Outputs a pulse width modulated rectangular wave output. Value passed should be 0-65535, and determines what portion of the total time is spent low (out of 65536 total increments). The lower byte is actually ignored since this is 8-bit PWM. That means the duty cycle can be varied from 100% (0 out of 65536 are low) to 0.4% (65280 out of 65536 are low).
The overall frequency of the PWM output is the clock frequency specified by the following formula:
frequency = TimerClockBase/(TimerClockDivisor*256)
The following table shows the range of available PWM frequencies based on timer clock settings.
Table 2.9.1.2-1. 8-bit PWM Frequency Ranges
|
TimerClockBase |
|
Divisor=1 |
Divisor=256 |
|---|---|---|---|
|
0 |
4 MHz |
15625 |
N/A |
|
1 |
12 MHz |
46875 |
N/A |
|
2 |
48 MHz (Default) |
187500 |
N/A |
|
3 |
1 MHz /Divisor |
3906.25 |
15.259 |
|
4 |
4 MHz /Divisor |
15625 |
61.035 |
|
5 |
12 MHz /Divisor |
46875 |
183.105 |
|
6 |
48 MHz /Divisor |
187500 |
732.422 |
The same clock applies to all timers, so all 8-bit PWM channels will have the same frequency and will have their falling edges at the same time.
PWM output starts by setting the digital line to output-low for the specified amount of time.

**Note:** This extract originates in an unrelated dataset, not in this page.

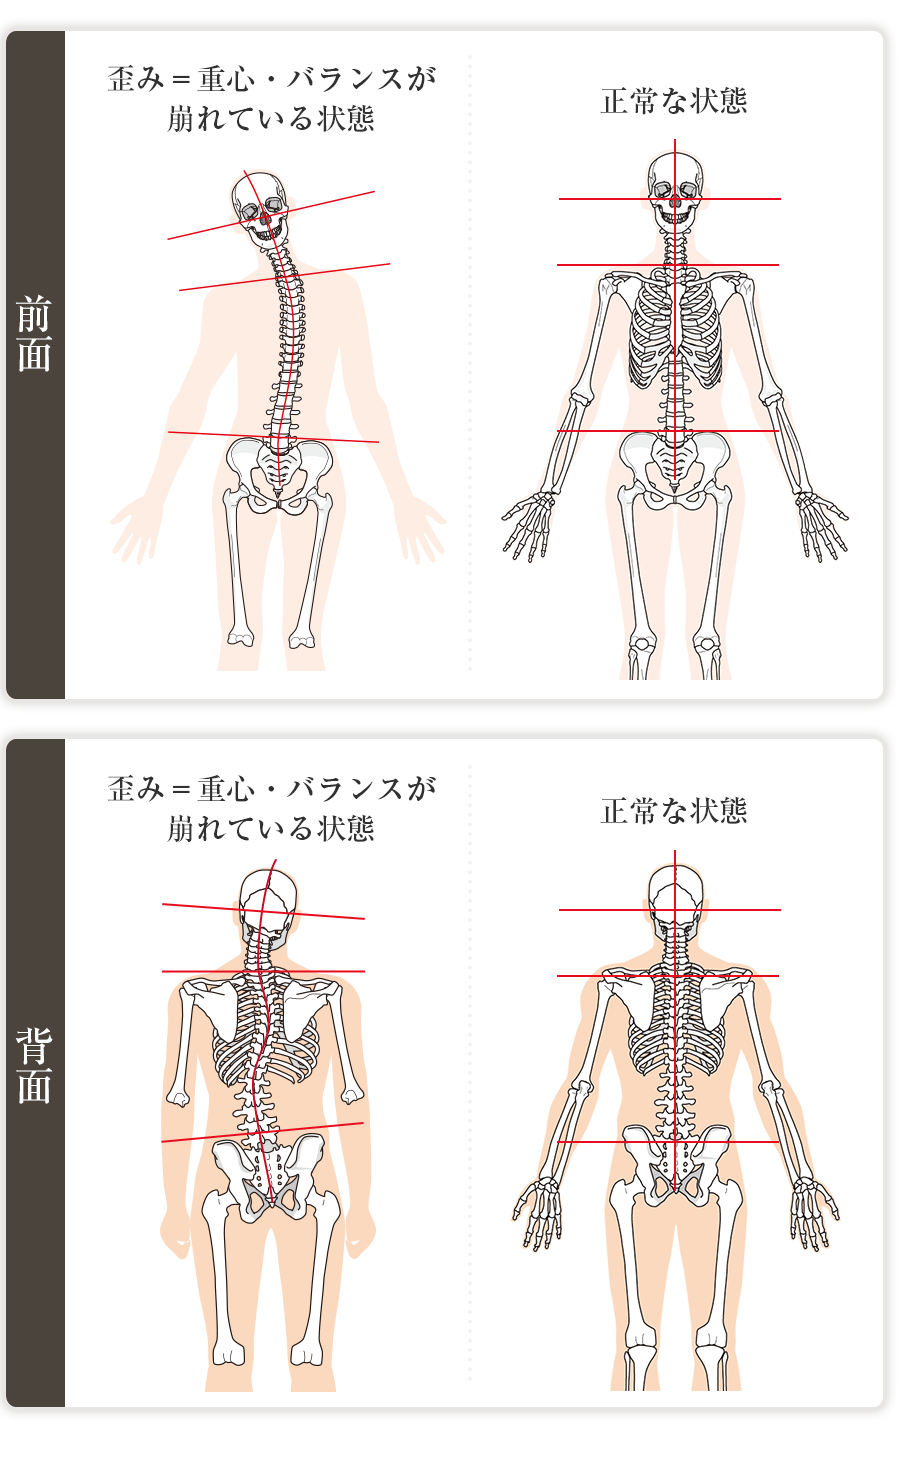 人体の歪みのある状態と正常な状態の比較図

The output does not necessarily start instantly, but rather has to wait for the internal clock to roll. For 8-bit PWM output, the start delay varies from 0.0 to TimerClockDivisor*256/TimerClockBase. For example, if TimerClockBase = 48 MHz and TimerClockDivisor = 256, PWM frequency is 732 Hz, PWM period is 1.4 ms, and the start delay will vary from 0 to 1.4 ms.
If a duty cycle of 0.0% (totally off) is required, consider using a simple inverter IC such as the CD74ACT540E from TI. Or you can switch the mode of the timer to some input mode, and add an external pull-down to hold the line low when set to input.